Although the laboratory monitoring KPI for patients on methotrexate and leflunomide was well documented in SCM, the Consolidated Laboratory Repository contained more accurate data. Even so, this study was unable to determine the exact biologic start date without patient interaction documented. Accuracy for start and stop dates could be improved by using the Pharmaceutical Information Network database to track the date the prescription was dispensed, patient feedback on their start and stop dates, or having more explicit description headers in the clinic visit note. The lower compliance levels for laboratory testing demonstrates that there is an opportunity for improvement in compliance and documentation of this KPI.

Quality measurement is dependent upon the availability of relevant data. This was cited as the greatest factor that facilitated or impeded the use of quality measures by the National Quality Forum report [27]. Data infrastructures need to be able to “talk to each other” and EHRs need to be “sufficiently robust” to generate the required information for “measure construction” [27]. It has been shown that performances in practices are the highest when the EHR system has rheumatology-specific templates in the software as it enables the collection and monitoring of key measures [28]. EHRs should be used to guide which process-related quality indicators are easily assessed in clinical care [29]. An important next step in the implementation of these KPIs is to align the measures across Canada and have them endorsed by the Canadian Rheumatology Association. Implementing nationally aligned and endorsed measures with a system similar to RISE or Rheum4U in Epic would provide the highest likelihood of physician uptake and potential for quality improvement.
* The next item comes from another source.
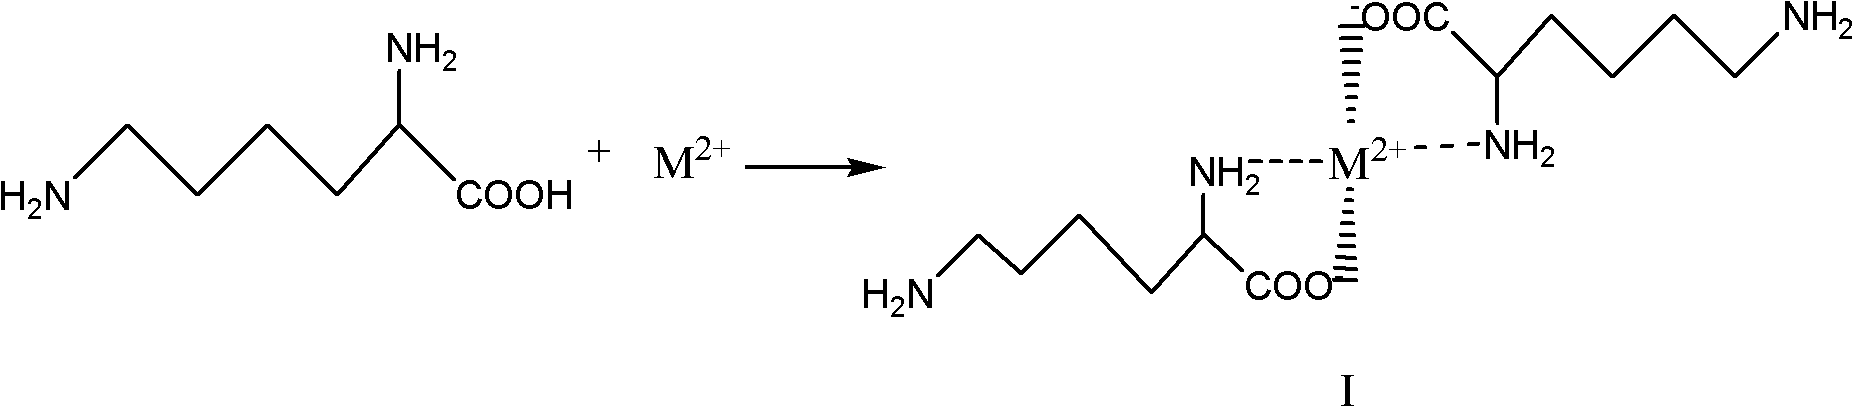 Preparation method of epsilon-N-lauroyl lysine

There are four data sources for performance measurement in health care: administrative data, chart review (paper and electronic documents), surveys of patients/families/staff, and data generated and extracted from EHRs [30]. Measurement using administrative data necessitates the assumption that the diagnosis and procedure coding is accurate and medication that was prescribed matches the medication taken [30]. Chart reviews are labour intensive and used to validate measures from administrative data and EHRs [30]. The use of electronic health records provides an “opportunity to access patient-centric clinical data and the ability to efficiently measure quality performance outcomes measures” [30]. Technological advances have enabled data extraction from both discrete and free-text fields in EHRs [30]. Calgary’s new system, Epic, has the potential to capture the required data from a variety of data locations and consolidate to a single electronic database system, increasing the ease of monitoring KPIs by physicians and decision makers.
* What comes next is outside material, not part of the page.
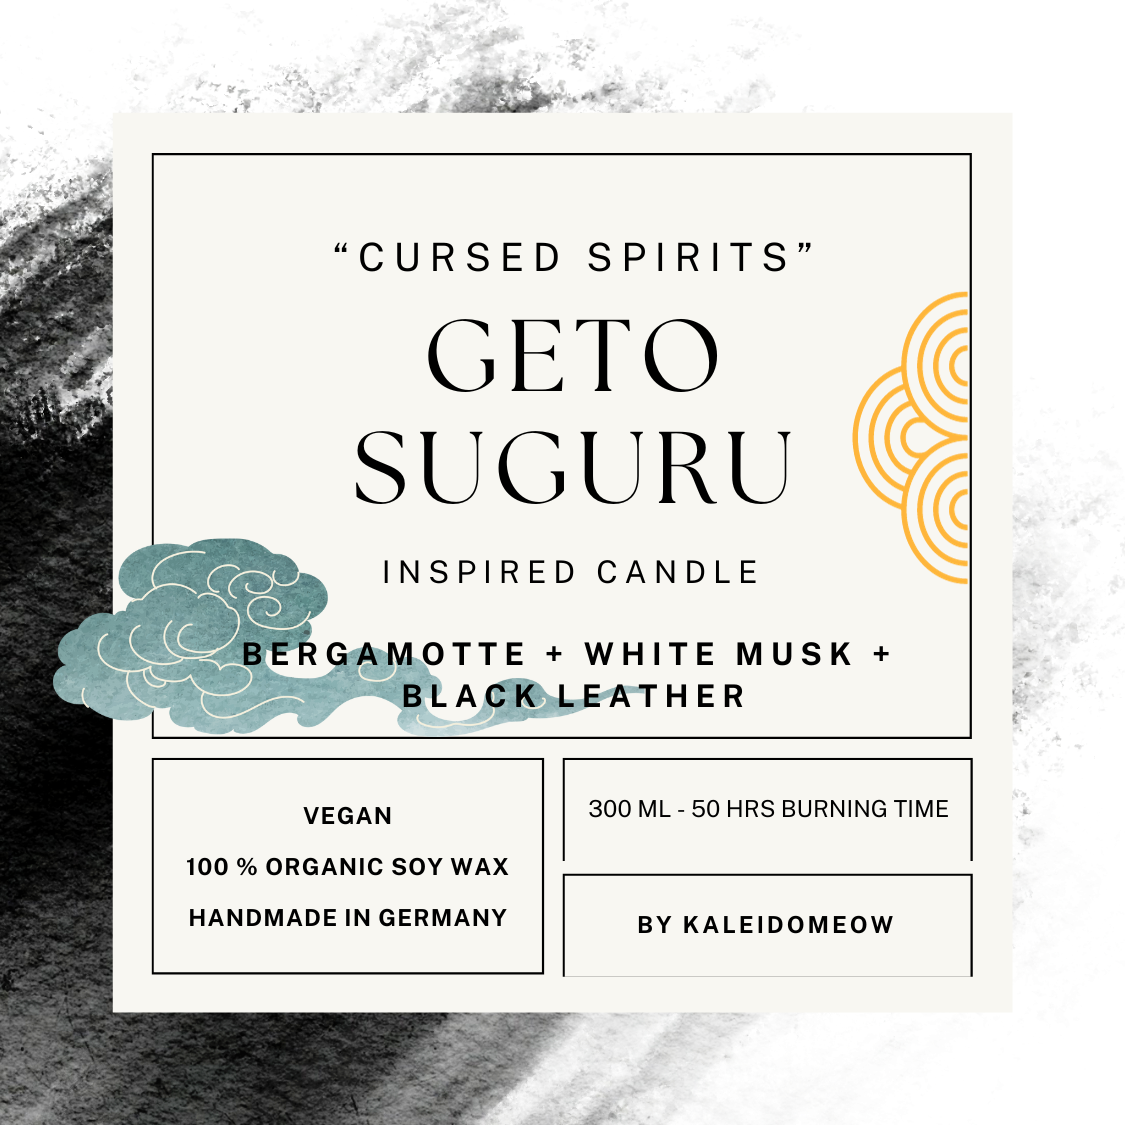 GETO SUGURU inspired candle - 'Cursed Spirits' Jujutsu kaisen inspired soy Candle 300 ML

In addition to the previously mentioned RISE registry in the U.S., there are other international efforts being made to link clinical registries to electronic health records, and generate core minimal datasets. The CAPTURE-JIA (Consensus derived, Accessible (information), Patient-focused, Team-focused, Universally-collected (UK), Relevant to all and containing Essential data items) electronic dataset is in the pilot phase for determining the feasibility of data collection and moving towards a core national dataset in the UK [31, 32]. In the EU there are also endeavors in generating core minimal datasets that look at core elements of datasets to “facilitate better co-operative use of such data sets for research and health system administration.”[33] For example, a core dataset in juvenile dermatomyositis was developed for clinical settings that can later be incorporated into larger registries at the national and international level [34]. Local efforts of standardized data collection for minimal core datasets should align with international efforts to allow for global research collaboration to improve disease understanding. The glossaries accompanying these minimal core datasets can also be helpful in clinician training for those less familiar of the standardisation of data collection for the accompanying disease [34].